Maybe we need new and better ones.
While I am at the 55th reunion of my college class of 1971, I am sharing guest posts by classmates. John Shutkin was a lawyer on the "Big Law" track before he segued into a practice as general counsel for international accounting firms.
In college, and still, he played with words.
Guest Post by John Shutkin
The Perfect Word for Trump 2.0
I have discovered, every now and then and much to my delight, that a “perfect word” exists: one that exactly describes some phenomenon that I am already familiar with and yet I previously had to describe in many words. And, in some instances, it is not until I have learned this word that I even realized that what is described was a “thing.”
A perfect example of this perfect word is “frenemy.” I first heard this word about twenty years ago, and etymology suggests that, although it actually lurked in the English language for more than a hundred years before, it was popularized by “Sex and the City” early in this century. And I immediately realized how it exactly described a few complicated relationships that I had had over the years, starting with a close friend/rival of mine through elementary and high school (I got into Harvard; he didn’t) and including one of my close colleagues at my original law firm out of law school. (He made partner; I didn’t.)
So, too, the first time I heard the word “humblebrag,” I knew exactly what it meant and had a similar “Aha! moment” recounting how many times I had witnessed it with well-known public speakers, typically when they received awards. And, indeed, I had from time to time heard someone say (not to me, of course), “Stop sounding so humble. You’re not that great.” But here the concept was encapsulated into one perfect word. Merriam-Webster
More felicitously, I remember learning the term “gemütlich” when my father married my stepmother, who was German. For the uninformed, this is what it means: a state or feeling of warmth, friendliness,and good cheer, as described in Wikipedia. I immediately realized, happily, that one didn’t have to be German to have enjoyed such a warm and cozy moment or atmosphere.

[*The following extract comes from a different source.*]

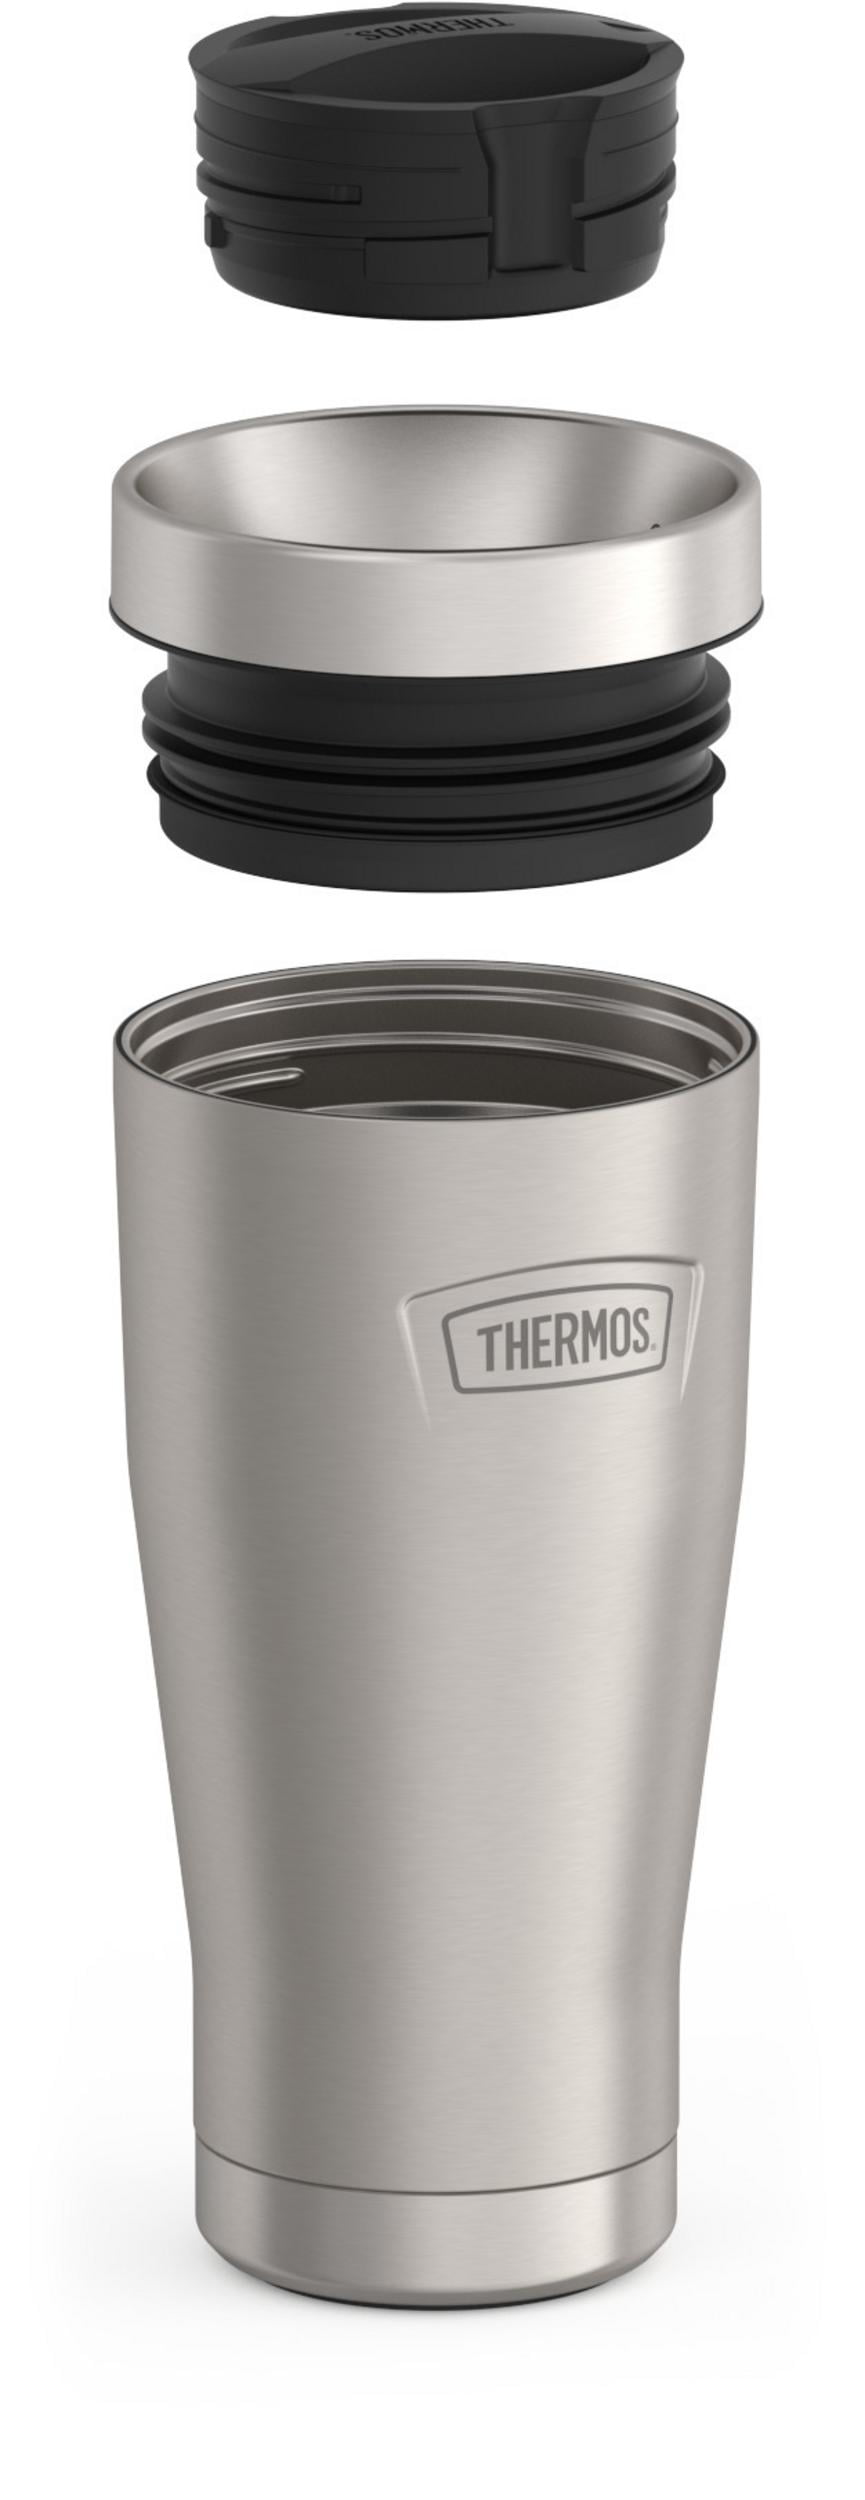 Thermos Steel Vacuumware Tumbler - Silver/Black, 16 oz - Ralphs

But what has this got to do with Trumpian politics? I shall explain. I just read a Substack post by Paul Krugman entitled “The Apotheosis of Willful Ignorance” -- a typically excellent Krugman piece, and a nice title. But, based on other things I have read in the past year, I realized that there is, in fact, a perfect word for that title and, more generally, for Trump 2.0: “kakistocracy.”

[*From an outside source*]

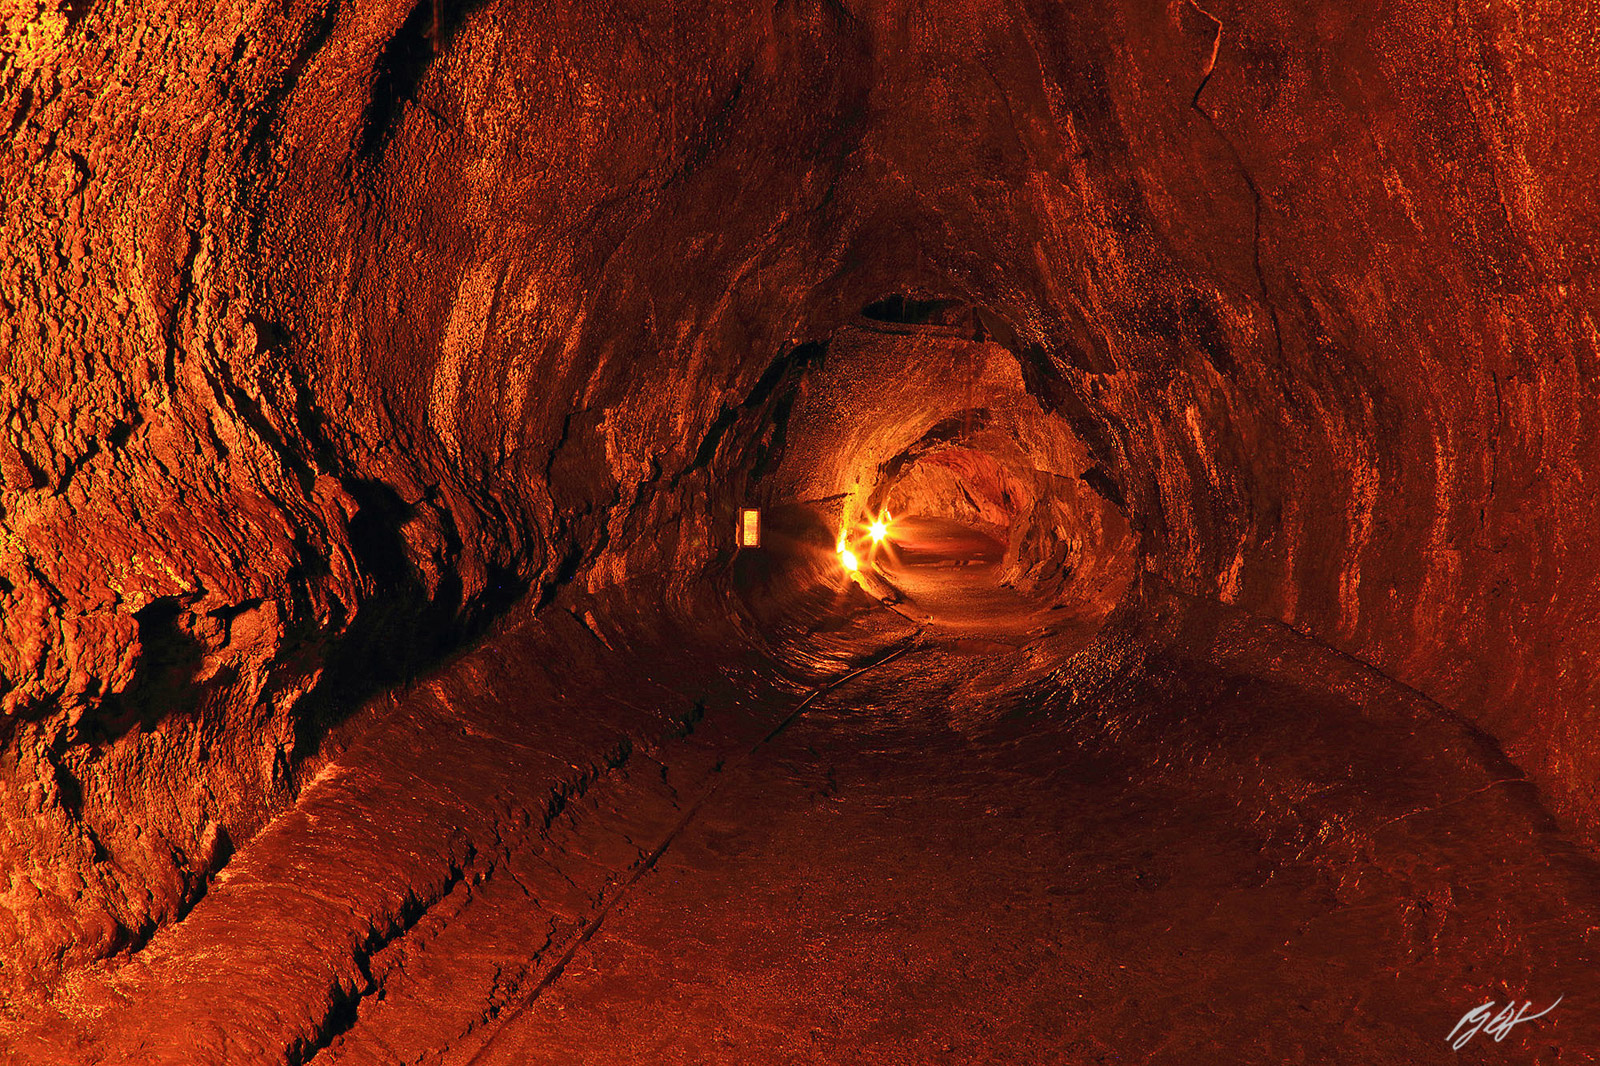 Inside the Thurston Lava Tube on the Big Island of Hawaii

AI defines “kakistocracy” thusly:“Kakistocracy is a system of government run by the worst, least qualified, or most unscrupulous citizens. Derived from the Greek words kákistos (worst) and krátos (rule), it describes a state where incompetence, corruption, and unethical behavior dominate leadership. The term has been used in political commentary to highlight dysfunctional, unprincipled governance.”Ring a bell? Anyone? Per Wikipedia, kakistocracy – or, more specifically, the term for it -- has been around since the 17th Century; however, it was a new one to me.
In college, a group of us, after a long night of partying, decided that we wanted to coin a new word for “cool” – we felt “cool” was overused and hated “boss” and “gear” – and then see if we could somehow make it become part of the popular vernacular. We decided that “nitro” was our perfect word. We obviously failed miserably, unless one includes some fairly recent commercial usages of it in the contexts of cold-brewed coffee and Shell gas.
But here is my humble (humblebrag?) proposal to those of us in the noble MAGA opposition. Let us embrace the term “kakistocracy” we refer to Trump 2.0. Maybe this perfect word will make it into the vernacular. As the cliché goes, “If the shoe fits….”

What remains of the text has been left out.